Your objective:
Every record is to be printed exactly as written; pictures are to be omitted.

Recorded information:
^^^^

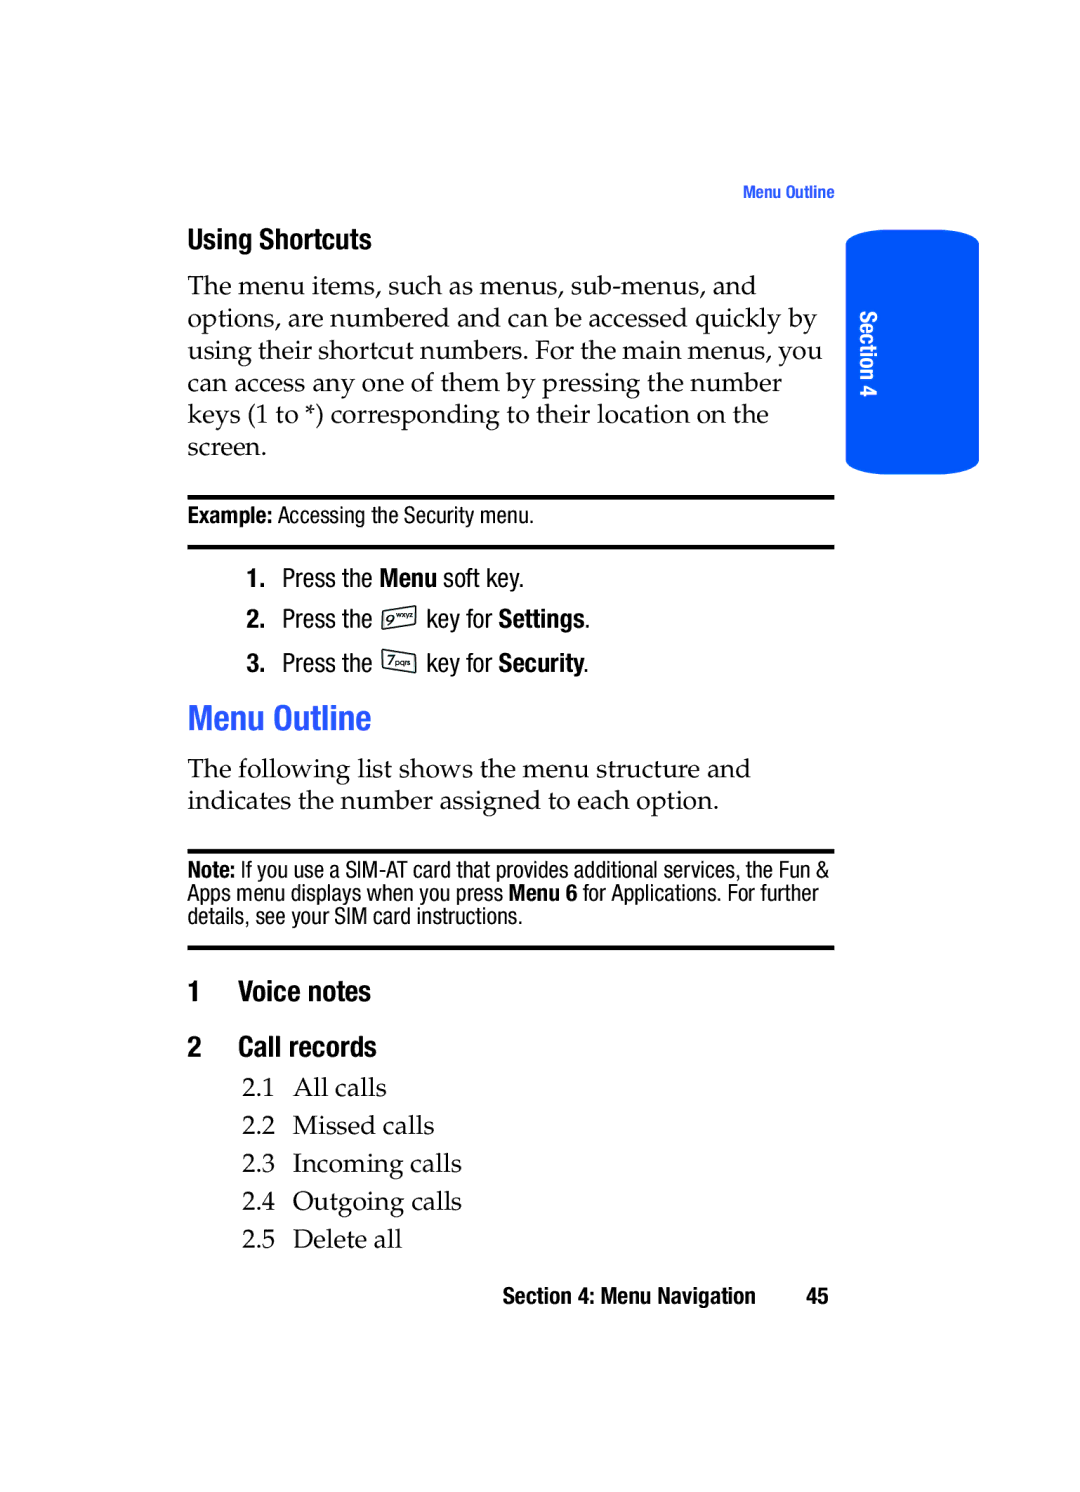 Samsung SGH-T519 manual Menu Outline, Using Shortcuts, Voice notes Call records 
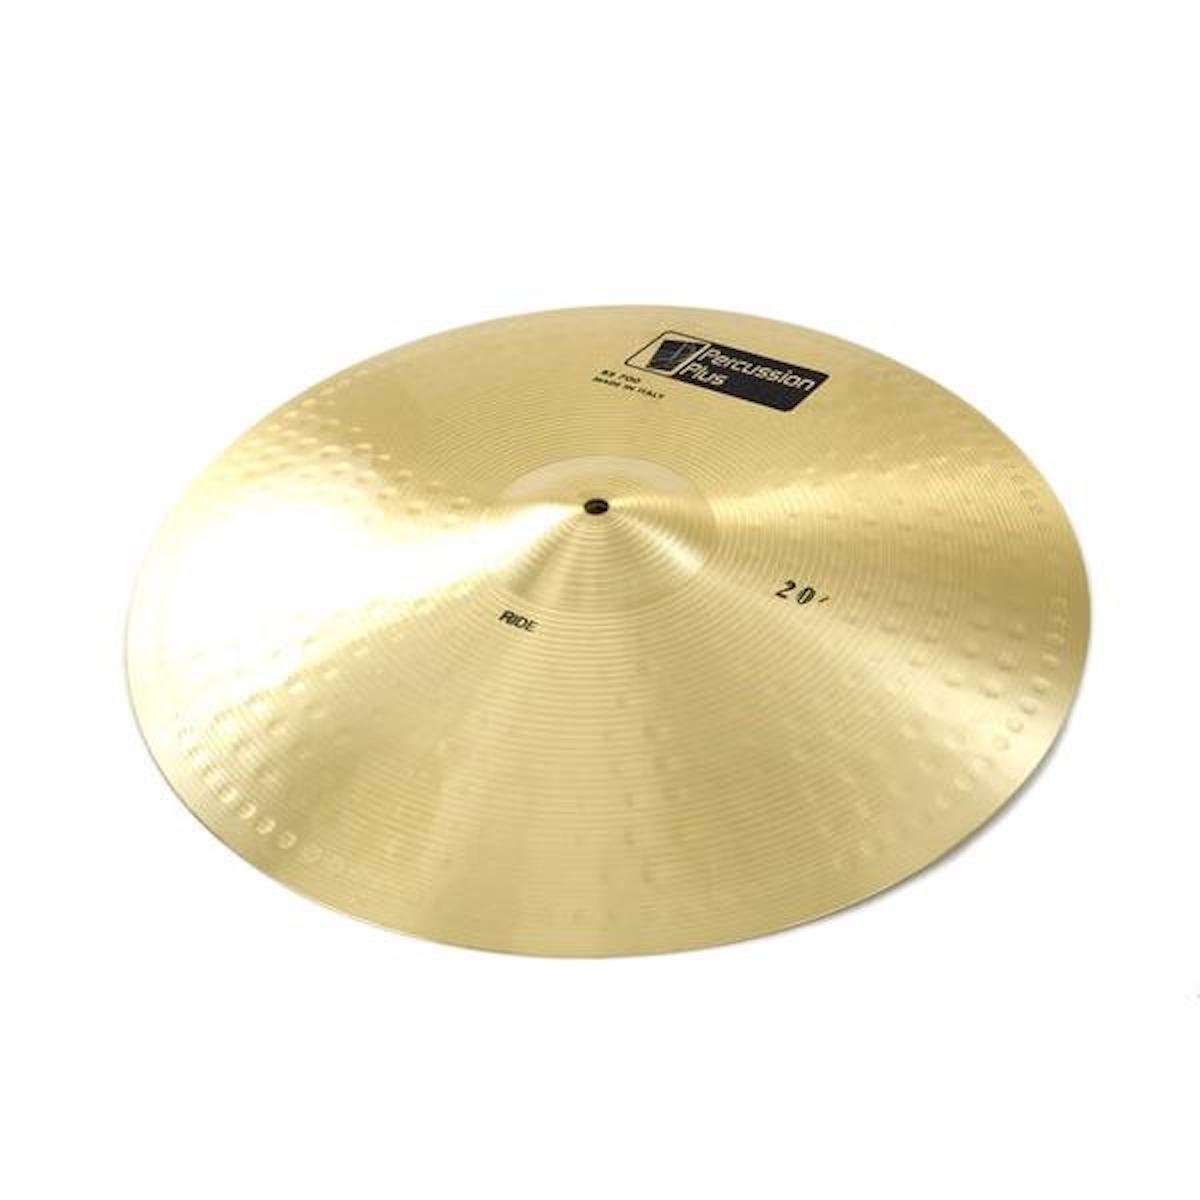 Percussion Plus 20" Ride Cymbal
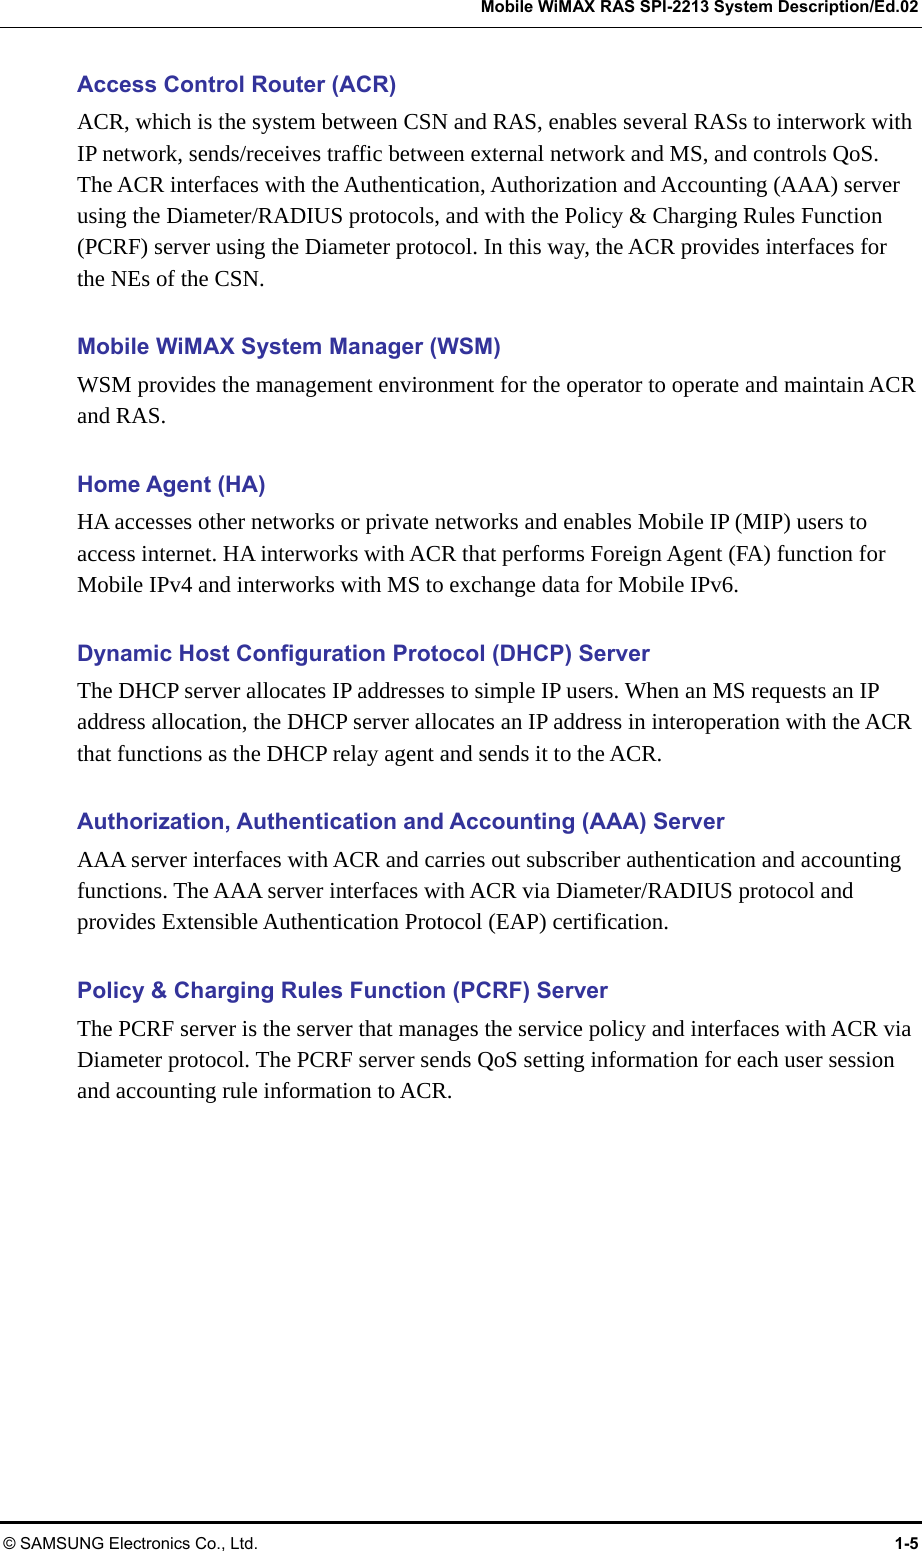   Mobile WiMAX RAS SPI-2213 System Description/Ed.02 © SAMSUNG Electronics Co., Ltd.  1-5 Access Control Router (ACR) ACR, which is the system between CSN and RAS, enables several RASs to interwork with IP network, sends/receives traffic between external network and MS, and controls QoS.   The ACR interfaces with the Authentication, Authorization and Accounting (AAA) server using the Diameter/RADIUS protocols, and with the Policy &amp; Charging Rules Function (PCRF) server using the Diameter protocol. In this way, the ACR provides interfaces for the NEs of the CSN.  Mobile WiMAX System Manager (WSM) WSM provides the management environment for the operator to operate and maintain ACR and RAS.  Home Agent (HA) HA accesses other networks or private networks and enables Mobile IP (MIP) users to access internet. HA interworks with ACR that performs Foreign Agent (FA) function for Mobile IPv4 and interworks with MS to exchange data for Mobile IPv6.  Dynamic Host Configuration Protocol (DHCP) Server The DHCP server allocates IP addresses to simple IP users. When an MS requests an IP address allocation, the DHCP server allocates an IP address in interoperation with the ACR that functions as the DHCP relay agent and sends it to the ACR.  Authorization, Authentication and Accounting (AAA) Server   AAA server interfaces with ACR and carries out subscriber authentication and accounting functions. The AAA server interfaces with ACR via Diameter/RADIUS protocol and provides Extensible Authentication Protocol (EAP) certification.  Policy &amp; Charging Rules Function (PCRF) Server The PCRF server is the server that manages the service policy and interfaces with ACR via Diameter protocol. The PCRF server sends QoS setting information for each user session and accounting rule information to ACR.  
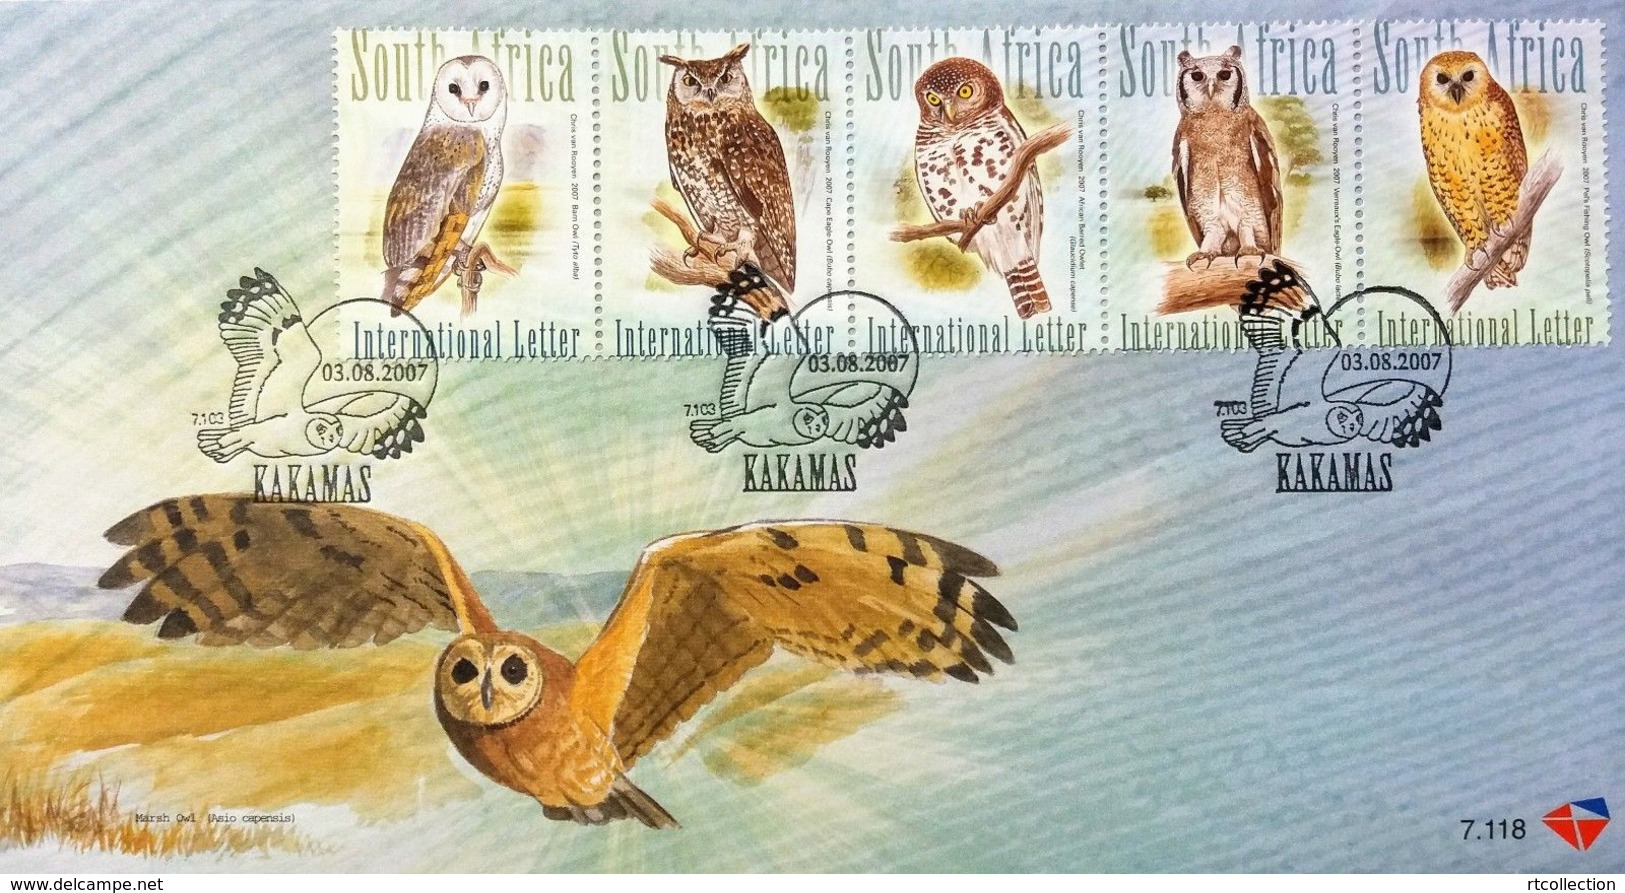 South Africa 2007 First Day Cover FDC Birds Strip Owls Animals Bird Owl Nature Date 3/8/2007 Stamps - Owls
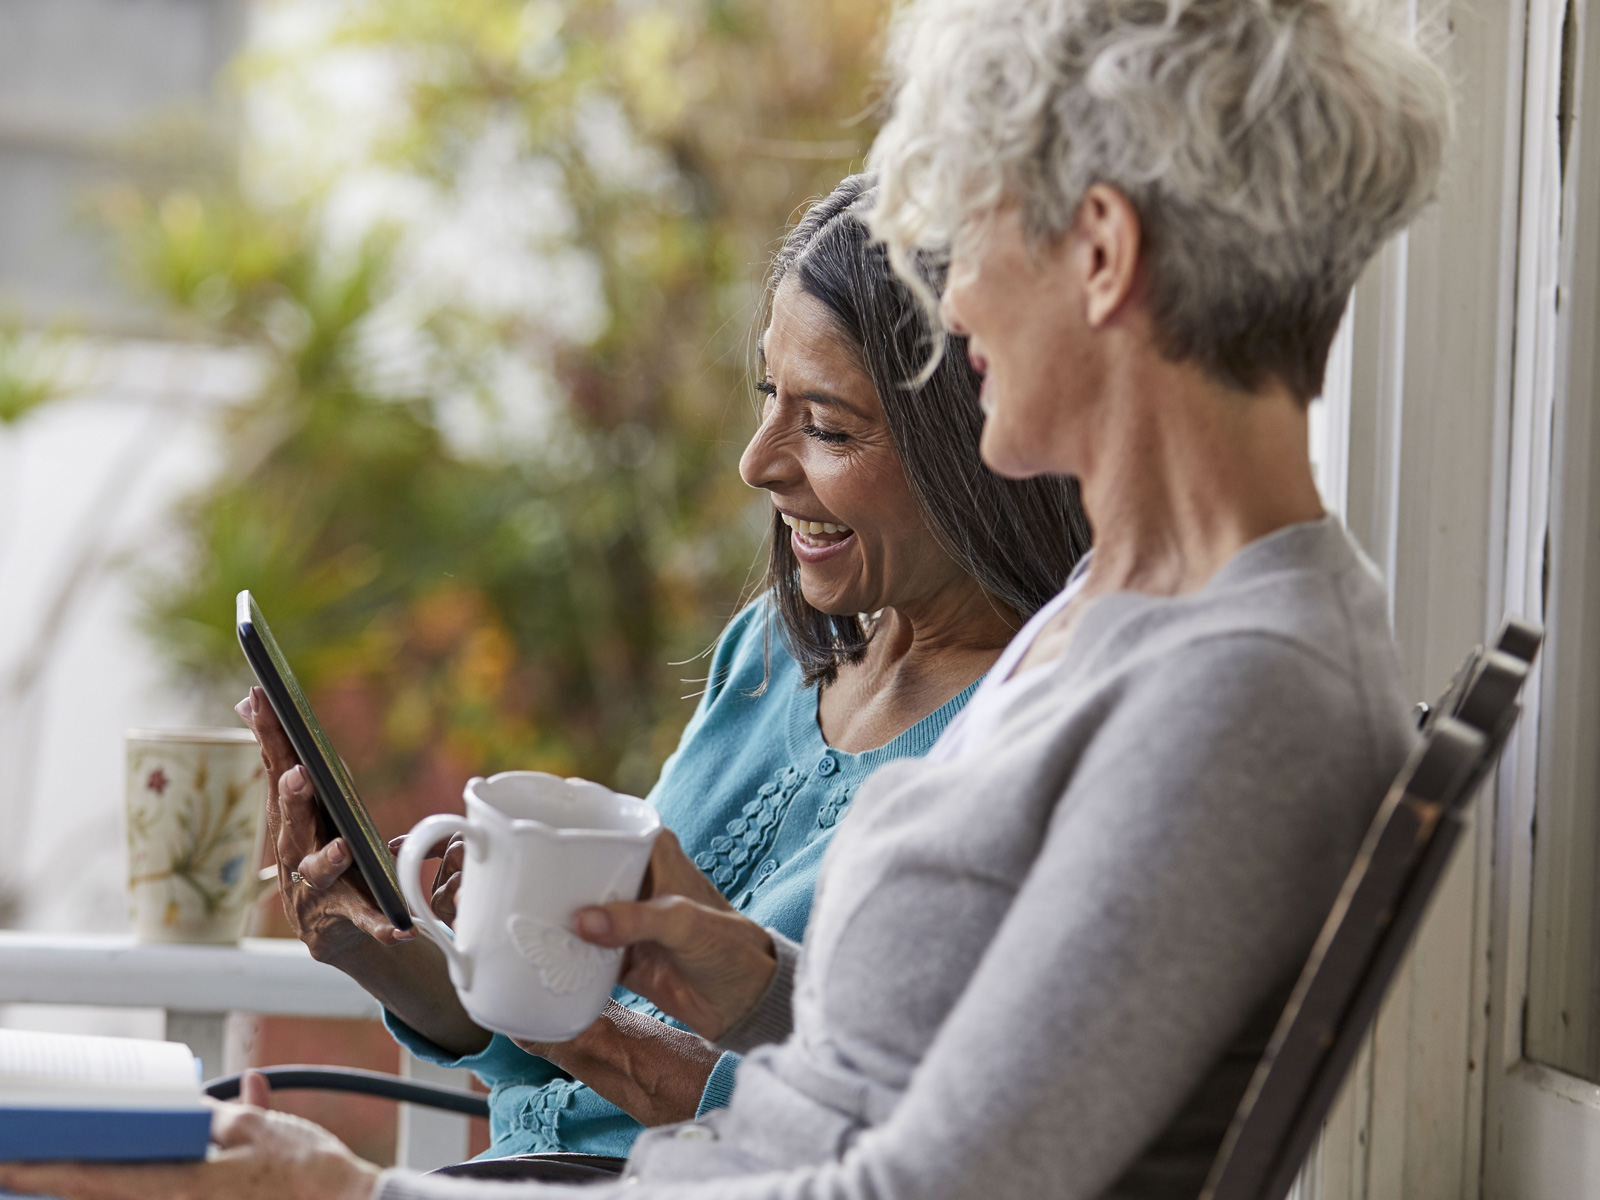 Two laughing women gaze into a tablet as they sit outside and enjoy their morning coffee.

^^^^

Answer area:
 Samsung SGH-T519 manual Menu Outline, Using Shortcuts, Voice notes Call records 
 Percussion Plus 20" Ride Cymbal
   Mobile WiMAX RAS SPI-2213 System Description/Ed.02 © SAMSUNG Electronics Co., Ltd.  1-5 Access Control Router (ACR) ACR, which is the system between CSN and RAS, enables several RASs to interwork with IP network, sends/receives traffic between external network and MS, and controls QoS.   The ACR interfaces with the Authentication, Authorization and Accounting (AAA) server using the Diameter/RADIUS protocols, and with the Policy &amp; Charging Rules Function (PCRF) server using the Diameter protocol. In this way, the ACR provides interfaces for the NEs of the CSN.  Mobile WiMAX System Manager (WSM) WSM provides the management environment for the operator to operate and maintain ACR and RAS.  Home Agent (HA) HA accesses other networks or private networks and enables Mobile IP (MIP) users to access internet. HA interworks with ACR that performs Foreign Agent (FA) function for Mobile IPv4 and interworks with MS to exchange data for Mobile IPv6.  Dynamic Host Configuration Protocol (DHCP) Server The DHCP server allocates IP addresses to simple IP users. When an MS requests an IP address allocation, the DHCP server allocates an IP address in interoperation with the ACR that functions as the DHCP relay agent and sends it to the ACR.  Authorization, Authentication and Accounting (AAA) Server   AAA server interfaces with ACR and carries out subscriber authentication and accounting functions. The AAA server interfaces with ACR via Diameter/RADIUS protocol and provides Extensible Authentication Protocol (EAP) certification.  Policy &amp; Charging Rules Function (PCRF) Server The PCRF server is the server that manages the service policy and interfaces with ACR via Diameter protocol. The PCRF server sends QoS setting information for each user session and accounting rule information to ACR.  
 South Africa 2007 First Day Cover FDC Birds Strip Owls Animals Bird Owl Nature Date 3/8/2007 Stamps - Owls
 Two laughing women gaze into a tablet as they sit outside and enjoy their morning coffee.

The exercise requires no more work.